* _Record excerpts_
---------------
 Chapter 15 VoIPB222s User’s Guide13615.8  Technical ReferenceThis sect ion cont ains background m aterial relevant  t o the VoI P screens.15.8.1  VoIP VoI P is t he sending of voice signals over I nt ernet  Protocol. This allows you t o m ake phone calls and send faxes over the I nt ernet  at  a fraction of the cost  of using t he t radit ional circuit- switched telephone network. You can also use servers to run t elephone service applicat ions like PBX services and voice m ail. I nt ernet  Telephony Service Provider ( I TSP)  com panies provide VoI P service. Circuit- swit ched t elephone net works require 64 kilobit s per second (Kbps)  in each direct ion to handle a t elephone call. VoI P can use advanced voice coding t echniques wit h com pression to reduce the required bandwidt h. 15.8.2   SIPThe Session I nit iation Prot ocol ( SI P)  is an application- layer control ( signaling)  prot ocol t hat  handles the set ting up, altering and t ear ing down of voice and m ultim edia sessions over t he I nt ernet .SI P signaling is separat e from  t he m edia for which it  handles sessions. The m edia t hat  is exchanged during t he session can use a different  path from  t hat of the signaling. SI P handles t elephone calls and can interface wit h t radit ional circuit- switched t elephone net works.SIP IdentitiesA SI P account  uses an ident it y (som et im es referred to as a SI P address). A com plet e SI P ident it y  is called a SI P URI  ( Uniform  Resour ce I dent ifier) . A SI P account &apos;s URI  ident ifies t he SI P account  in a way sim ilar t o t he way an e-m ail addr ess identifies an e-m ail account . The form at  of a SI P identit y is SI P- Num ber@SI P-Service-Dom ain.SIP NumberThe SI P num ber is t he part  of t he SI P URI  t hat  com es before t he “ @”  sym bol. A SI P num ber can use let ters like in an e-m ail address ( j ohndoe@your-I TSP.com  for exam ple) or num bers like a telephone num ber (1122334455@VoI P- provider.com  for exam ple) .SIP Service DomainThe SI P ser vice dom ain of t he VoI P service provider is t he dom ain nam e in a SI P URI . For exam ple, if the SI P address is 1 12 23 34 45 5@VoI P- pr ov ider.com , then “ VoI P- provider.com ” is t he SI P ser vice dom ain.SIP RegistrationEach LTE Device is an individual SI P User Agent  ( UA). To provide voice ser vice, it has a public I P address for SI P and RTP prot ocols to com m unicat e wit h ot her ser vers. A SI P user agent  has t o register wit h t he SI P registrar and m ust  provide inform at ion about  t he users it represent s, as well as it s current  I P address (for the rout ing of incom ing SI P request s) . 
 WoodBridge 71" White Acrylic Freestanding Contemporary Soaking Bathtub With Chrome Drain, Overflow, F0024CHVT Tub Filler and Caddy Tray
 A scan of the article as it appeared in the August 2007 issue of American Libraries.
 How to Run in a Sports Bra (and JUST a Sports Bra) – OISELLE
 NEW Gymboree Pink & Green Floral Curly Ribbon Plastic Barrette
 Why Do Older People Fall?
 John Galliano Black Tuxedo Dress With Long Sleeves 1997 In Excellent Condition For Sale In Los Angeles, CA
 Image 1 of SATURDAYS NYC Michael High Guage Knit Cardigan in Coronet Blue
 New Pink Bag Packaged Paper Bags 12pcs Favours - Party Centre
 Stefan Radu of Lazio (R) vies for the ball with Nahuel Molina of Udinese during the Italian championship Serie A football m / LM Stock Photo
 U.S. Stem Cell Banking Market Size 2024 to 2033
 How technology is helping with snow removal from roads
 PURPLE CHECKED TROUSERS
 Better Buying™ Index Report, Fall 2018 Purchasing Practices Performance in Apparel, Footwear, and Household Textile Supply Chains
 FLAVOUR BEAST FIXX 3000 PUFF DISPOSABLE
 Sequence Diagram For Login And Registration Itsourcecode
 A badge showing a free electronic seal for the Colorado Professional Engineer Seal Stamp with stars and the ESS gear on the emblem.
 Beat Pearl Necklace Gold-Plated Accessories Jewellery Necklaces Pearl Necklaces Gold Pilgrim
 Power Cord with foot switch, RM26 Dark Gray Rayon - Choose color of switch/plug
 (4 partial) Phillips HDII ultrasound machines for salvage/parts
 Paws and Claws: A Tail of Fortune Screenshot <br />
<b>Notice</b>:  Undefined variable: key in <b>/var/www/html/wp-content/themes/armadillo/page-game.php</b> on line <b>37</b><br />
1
---------------
* _Directions for this task_
Could you reproduce exactly the lines of the entries above, from the one with "New Pink Bag" through the one with "U.S. Stem Cell", and nothing else?

* _Task output_
 New Pink Bag Packaged Paper Bags 12pcs Favours - Party Centre
 Stefan Radu of Lazio (R) vies for the ball with Nahuel Molina of Udinese during the Italian championship Serie A football m / LM Stock Photo
 U.S. Stem Cell Banking Market Size 2024 to 2033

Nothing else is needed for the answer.